Tuesday, December 06, 2011

Autism and Dr. Allen Frances' Question 5: Will Autism Research Be Possible After the DSM-5?


Dr. Allen Frances, chair of the DSM-IV Task Force
and principle investigator on the DSM-IV Field Trials

The last major changes to the "autism section" of the DSM occurred in 1994 with the grouping  of Aspergers, PDD-NOS and Autistic Disorder in the Pervasive Developmental Disorders section and are still cited by many as the primary basis for the massive increases in autism diagnoses over the past two decades.  No one doubts that a substantial amount of the recent increases are due to the DSM-IV diagnostic changes. The debate is over whether those changes account for the entire increase or whether they serve to mask or obscure the role of possible environmentally induced increases. With the DSM-5 soon to hit doctors' bookshelves the ability to develop a  reliable understanding of what is behind future changes in the numbers of autism disorder diagnoses will probably be lost forever,  or at least for the foreseeable future.  Epidemiological studies, already the subject of much debate, and much confusion,  could be rendered useless as tools for understanding what causes autism disorders. 

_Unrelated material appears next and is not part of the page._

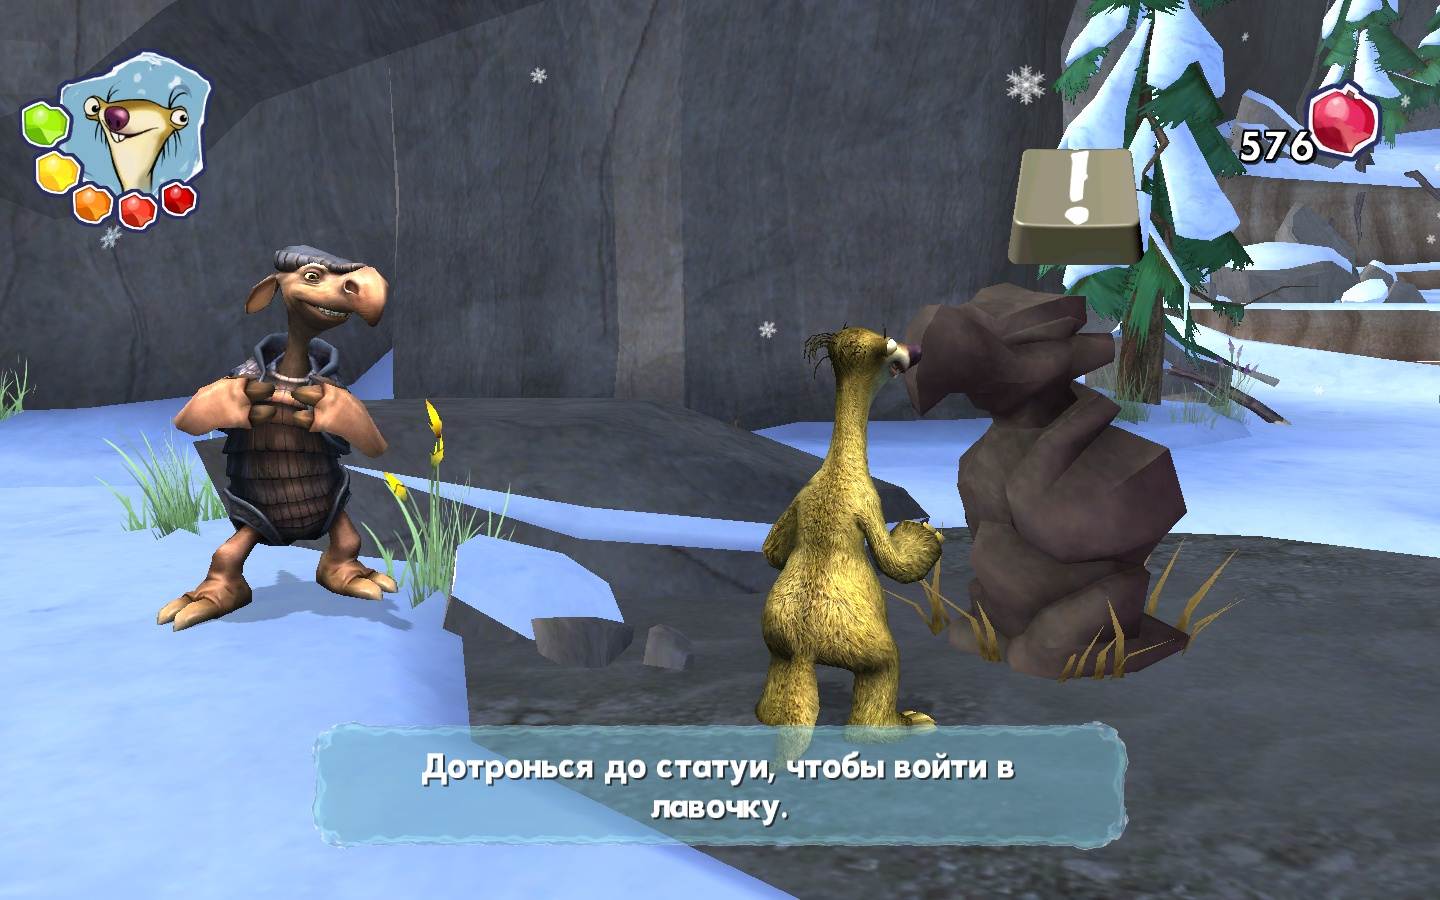 ice age 3 dawn of dinosaurs subtitles torrent

In his November 8, 2011 article, APA Responds Lamely to the Petition to Reform DSM-5re-posted by Brent Robbins PhD December 5, 2011 on the blog of the Society for Humanistic Psychology, Division 32 of the American Psychological Association, Dr. Frances, primary architect of the DSM-IV,  asks five questions about possible diagnostic inflation resulting from the DSM-5.  Question 5 asks the million dollar question:

5) Won't the many small, needless, and arbitrary changes in DSM-5 complicate future research efforts and make impossible the interpretation of data collected before versus after DSM-5?

If the answer to Dr. Allen Frances question is yes, as the Frances led DSM-IV experience suggests, then our ability to determine whether specific environmental factors are contributing to, or causing, autism disorders could be lost for another generation or more.